WHAT YOU SHOULD DO: Start to finish, print the data below exactly, without the images.

COLLECTED DATA:

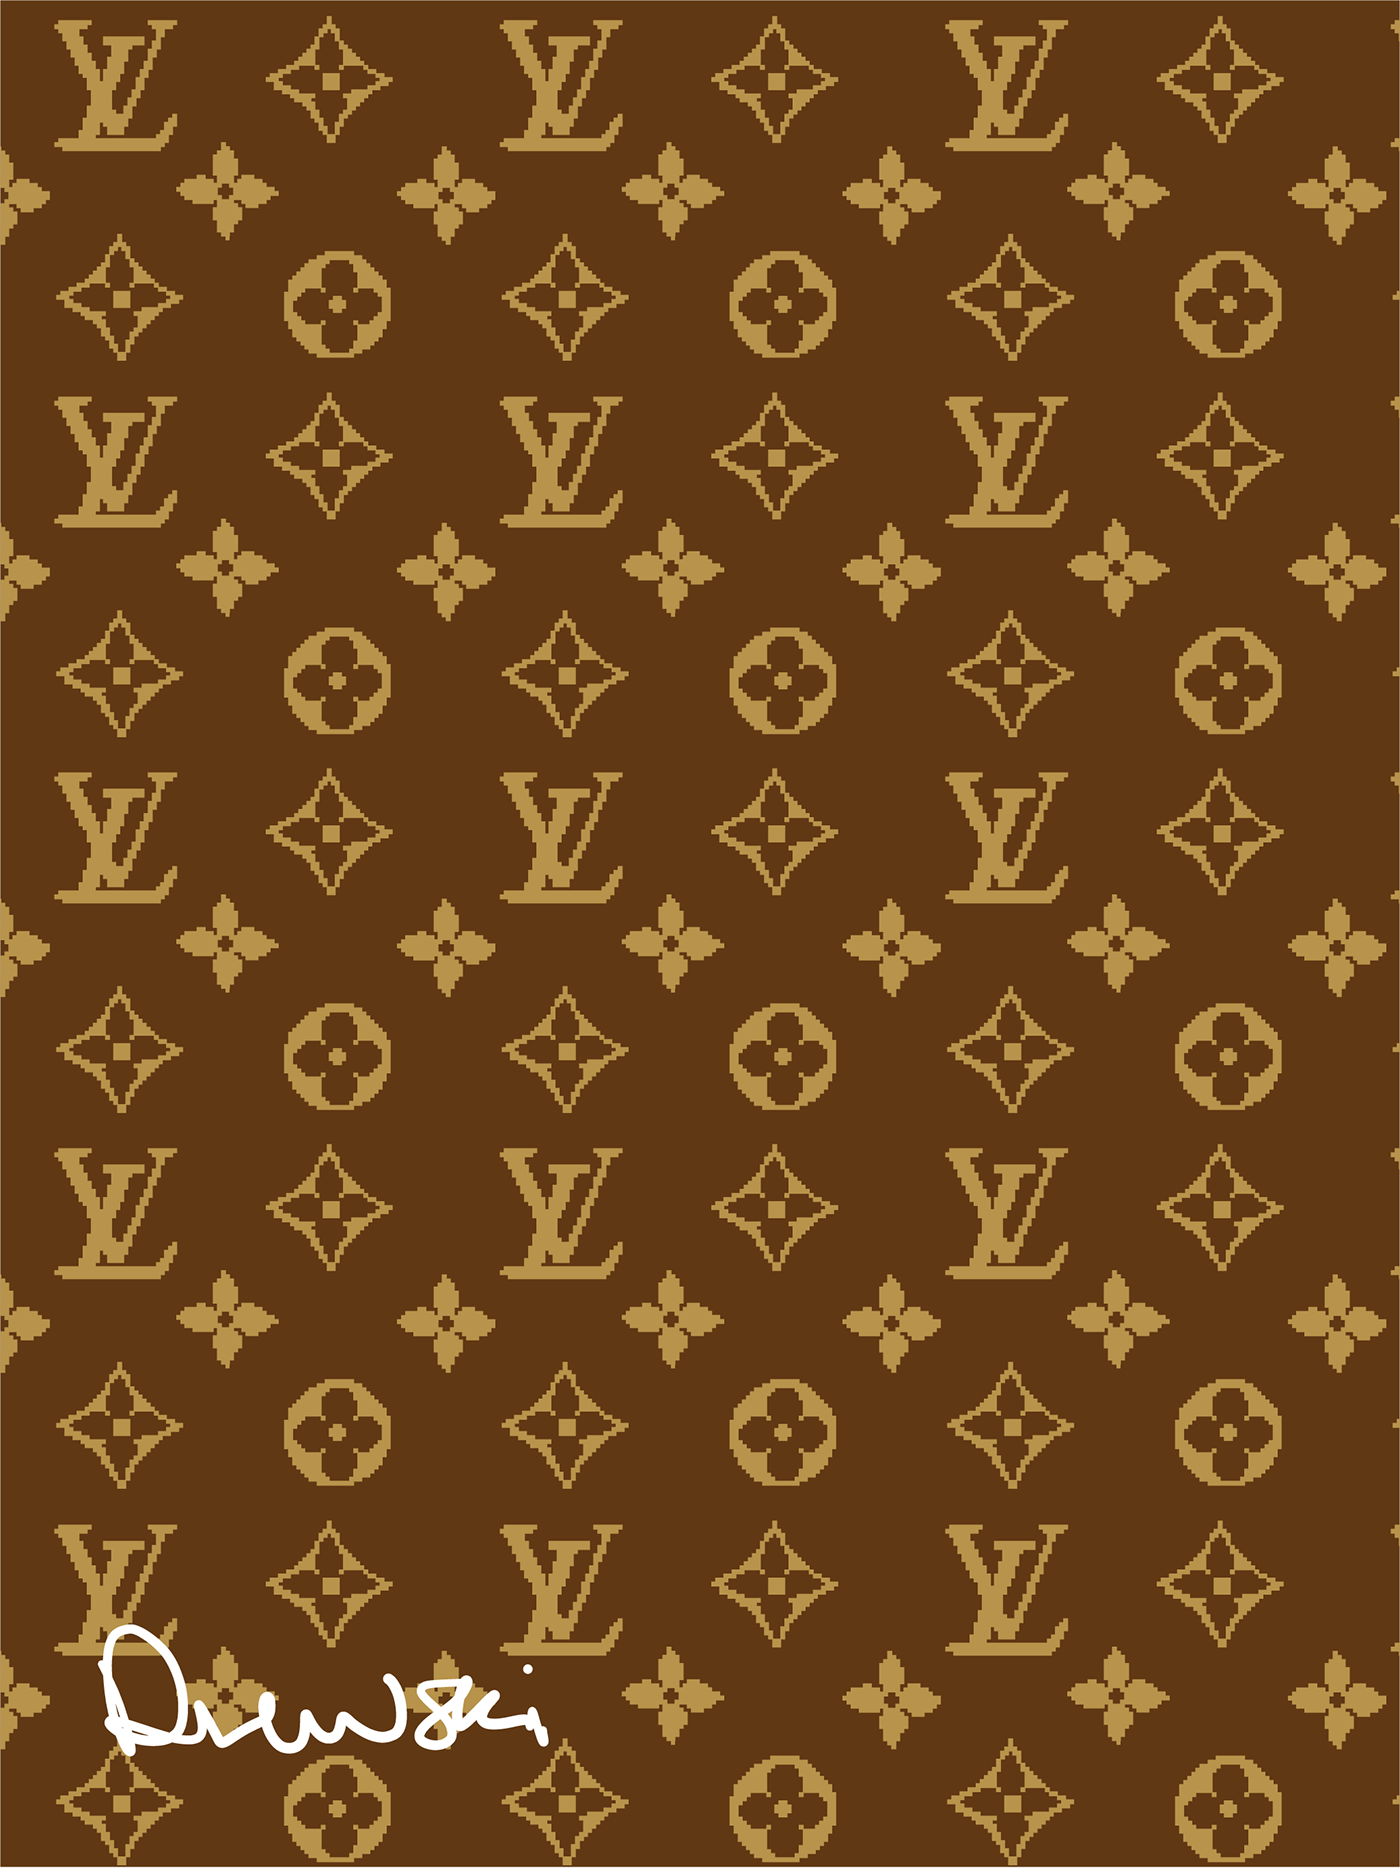 Louis Vuitton pattern color on Behance
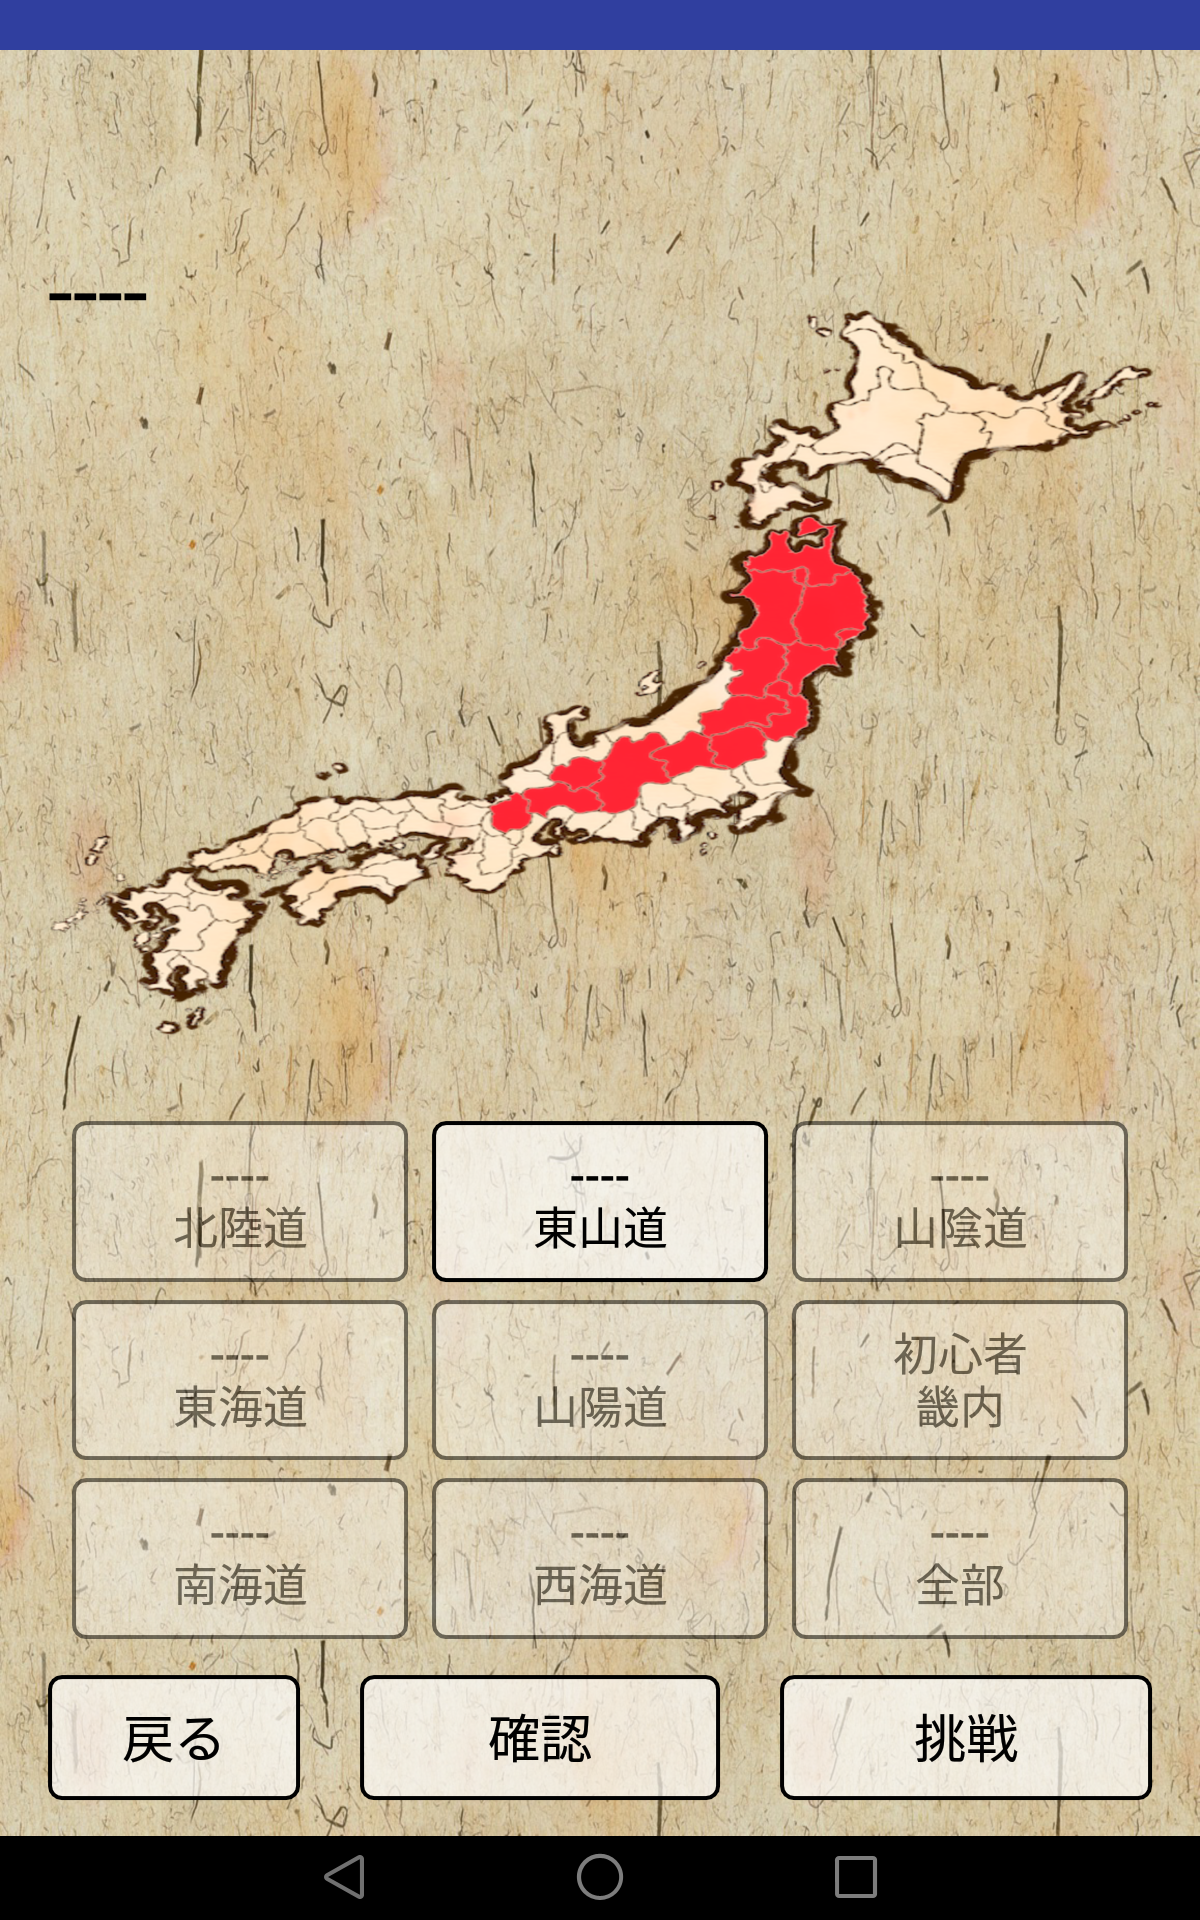 旧国名 昔の地名を覚えるクイズアプリ 昔の都道府県をおぼえよう Ki S Application
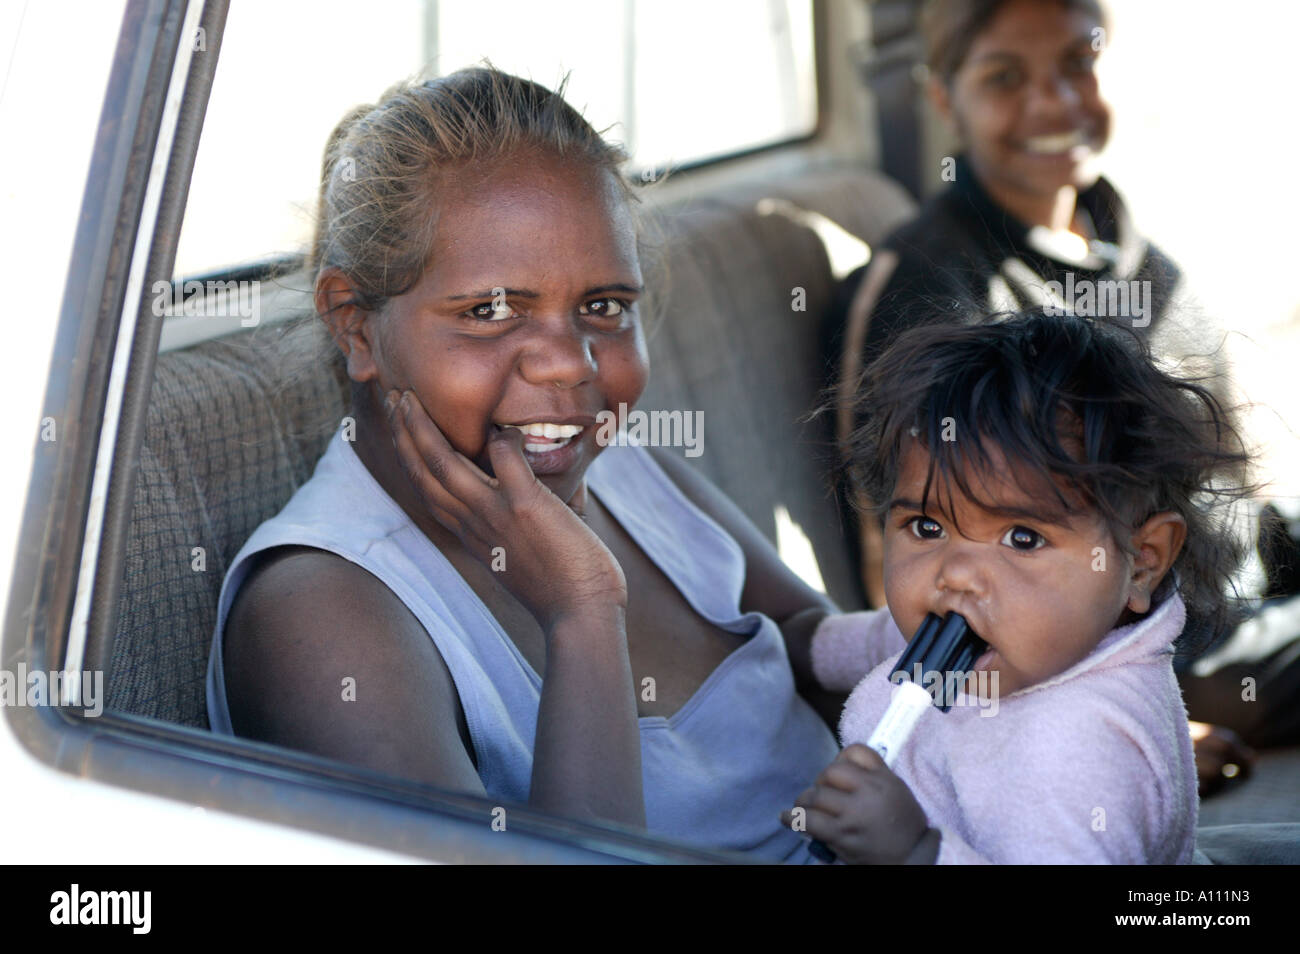 An aboriginal woman and her baby Anangu Pitjantjara lands South Australia Stock Photo
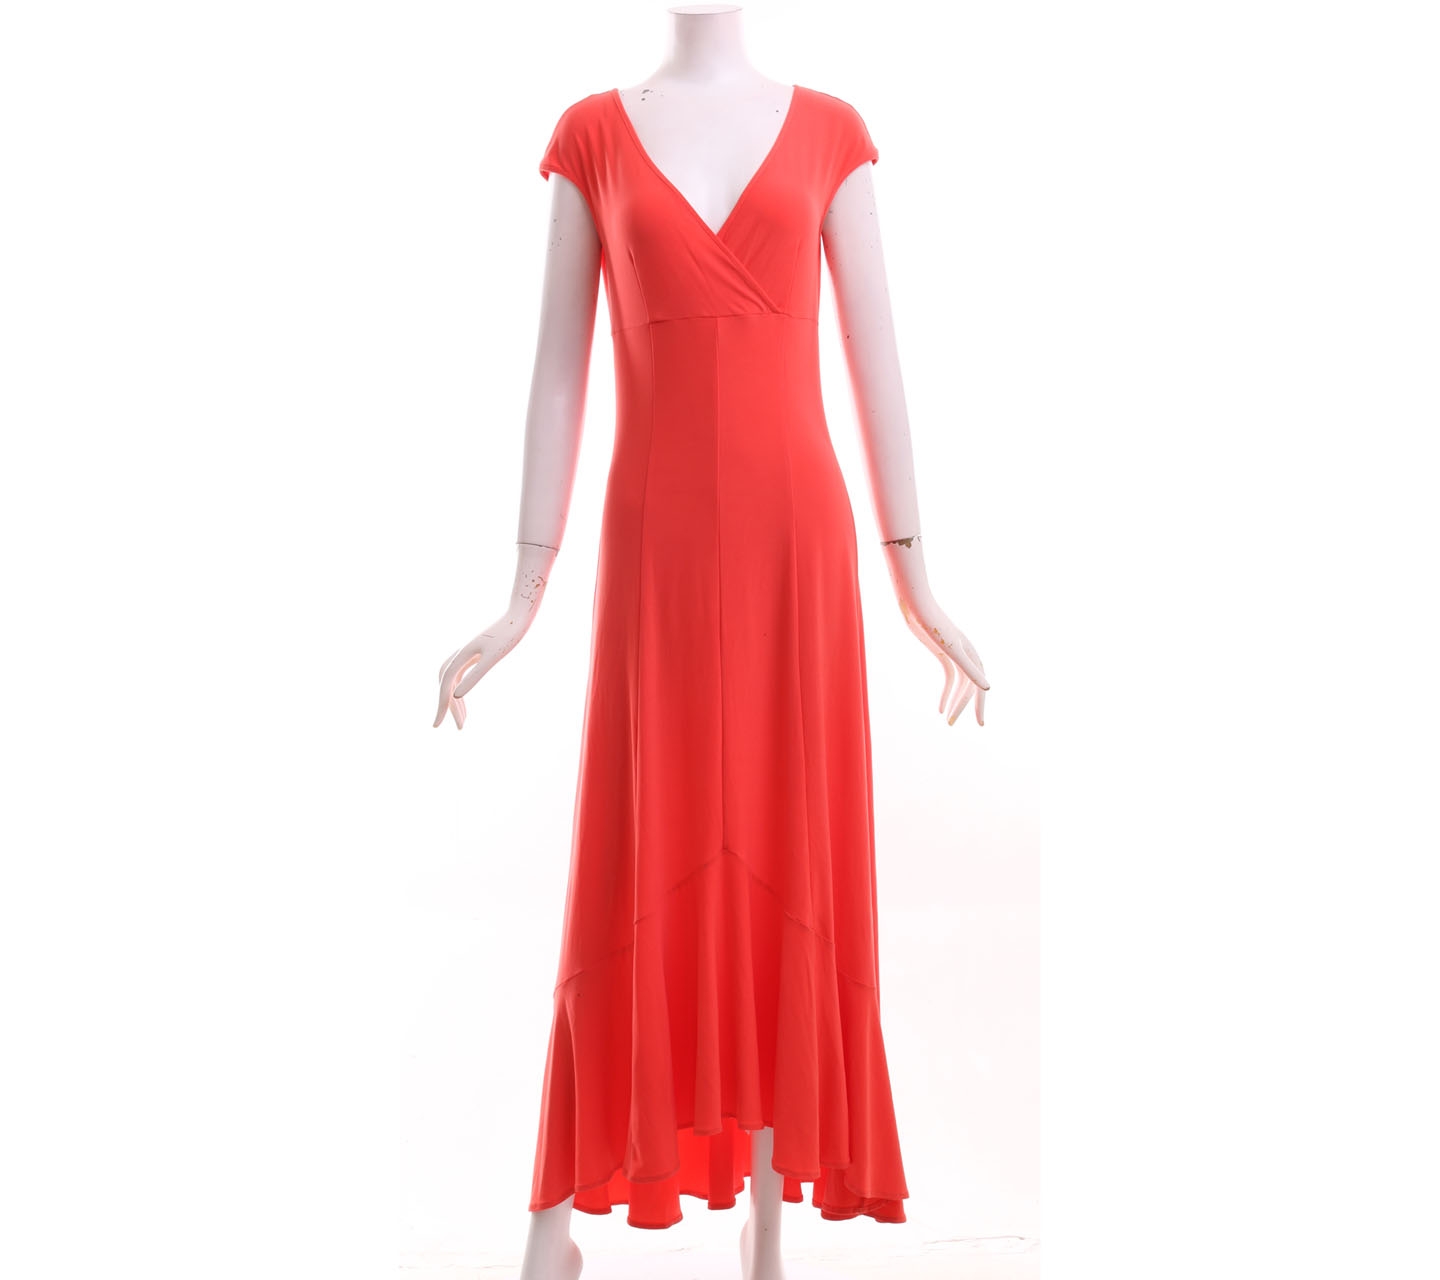 Farah Khan Peach Long Dress

COMPLETED TASK:
 Louis Vuitton pattern color on Behance
 旧国名 昔の地名を覚えるクイズアプリ 昔の都道府県をおぼえよう Ki S Application
 An aboriginal woman and her baby Anangu Pitjantjara lands South Australia Stock Photo
 Farah Khan Peach Long Dress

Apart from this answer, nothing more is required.